- [Your assignment] Give the listing back in full, exactly as written, with the pictures removed.

---- Collected material

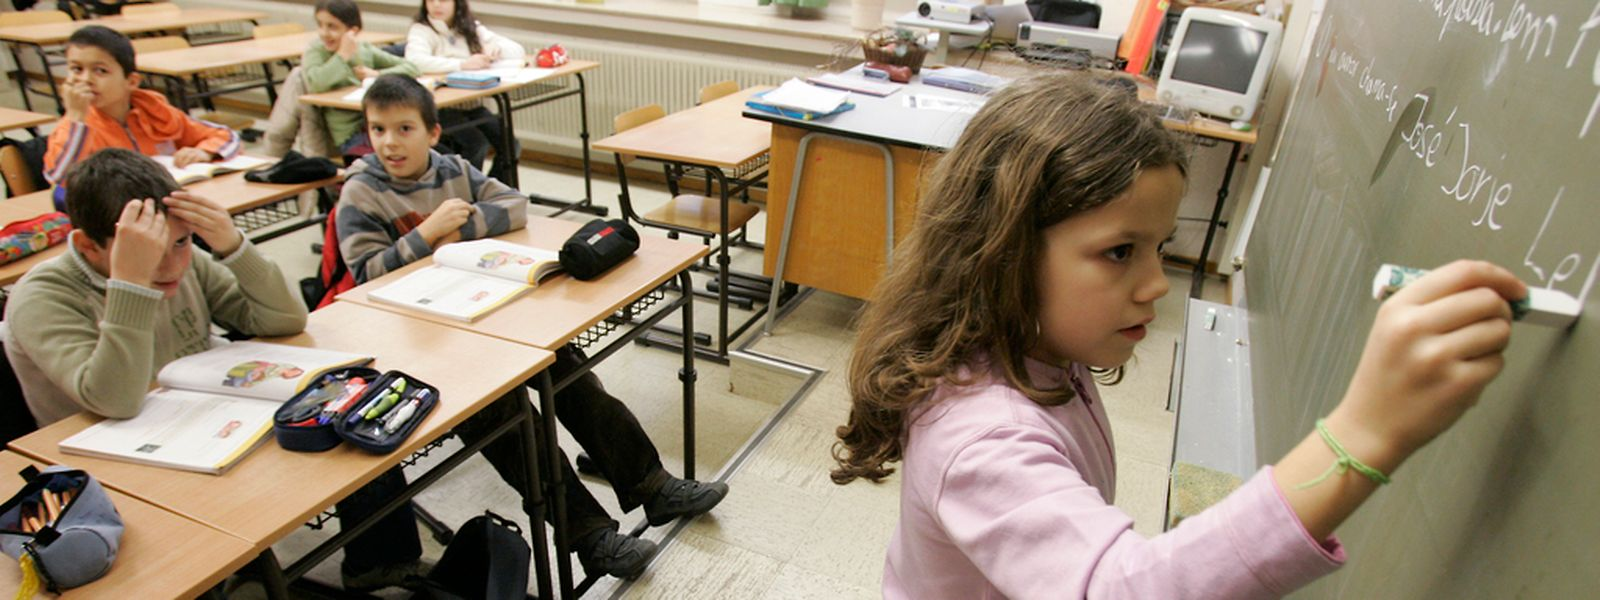 Esta segunda-feira, 46.870 alunos do ensino fundamental regressaram às aulas. A escola do Brill, em Esch, tem 800 alunos, e a maio ria são portugueses
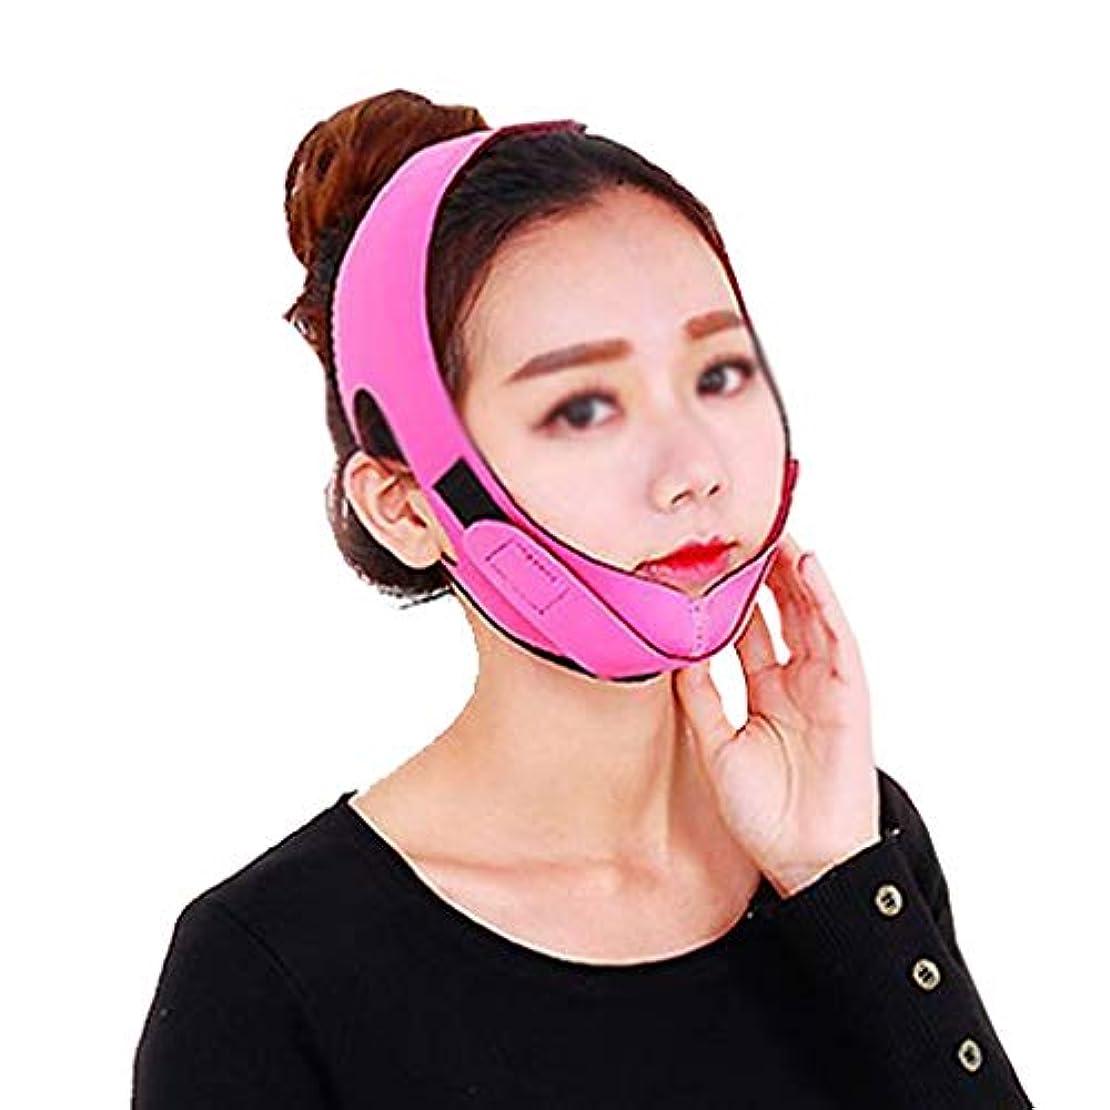 発音するステップ系統的ZWBD フェイスマスク, フェイスリフトマスクアーティファクトフェイスリフティング包帯男性と女性フェイスリフティング器具スモールVフェイス包帯リフティングダブルチンフェイス
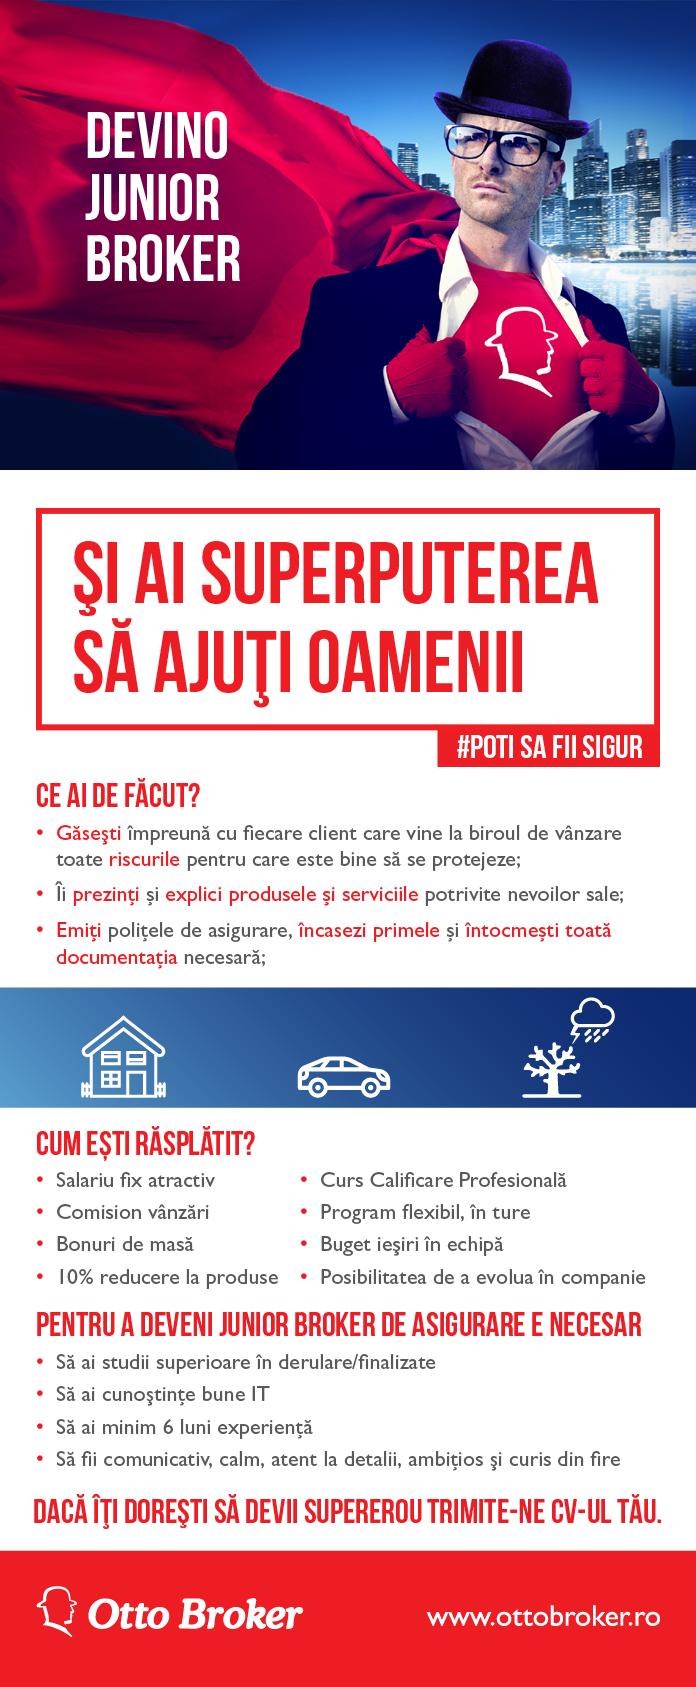 Cine suntem noi?  Suntem primul broker de asigurari autorizat din Romania, cu o experienta de 17 ani in domeniu. Echipa Otto Broker numara acum 130 de angajati proprii, cu o medie de varsta de 25 de ani. Avem 130.000 de clienti, 2 divizii de vanzare: retail si corporate, o retea teritoriala formata din 30 de birouri de vanzare in toata tara si oferim servicii premium in asigurari pentru 400 de companii. Suntem cel mai mare operator de brokeraj de asigurari retail in centre comerciale, fiind partener Carrefour & Cora. Clientii Diviziei Corporate sunt in general, reprezentati ai unor companii romanesti de dimensiuni medii si mari, dar gestionam si riscuri pentru companii multinationale prezente in Romania. In afara de faptul ca ne facem treaba bine, ne place sa ne si distram!

--------

- [Finished exercise]
 Esta segunda-feira, 46.870 alunos do ensino fundamental regressaram às aulas. A escola do Brill, em Esch, tem 800 alunos, e a maio ria são portugueses
 発音するステップ系統的ZWBD フェイスマスク, フェイスリフトマスクアーティファクトフェイスリフティング包帯男性と女性フェイスリフティング器具スモールVフェイス包帯リフティングダブルチンフェイス
 Cine suntem noi?  Suntem primul broker de asigurari autorizat din Romania, cu o experienta de 17 ani in domeniu. Echipa Otto Broker numara acum 130 de angajati proprii, cu o medie de varsta de 25 de ani. Avem 130.000 de clienti, 2 divizii de vanzare: retail si corporate, o retea teritoriala formata din 30 de birouri de vanzare in toata tara si oferim servicii premium in asigurari pentru 400 de companii. Suntem cel mai mare operator de brokeraj de asigurari retail in centre comerciale, fiind partener Carrefour & Cora. Clientii Diviziei Corporate sunt in general, reprezentati ai unor companii romanesti de dimensiuni medii si mari, dar gestionam si riscuri pentru companii multinationale prezente in Romania. In afara de faptul ca ne facem treaba bine, ne place sa ne si distram!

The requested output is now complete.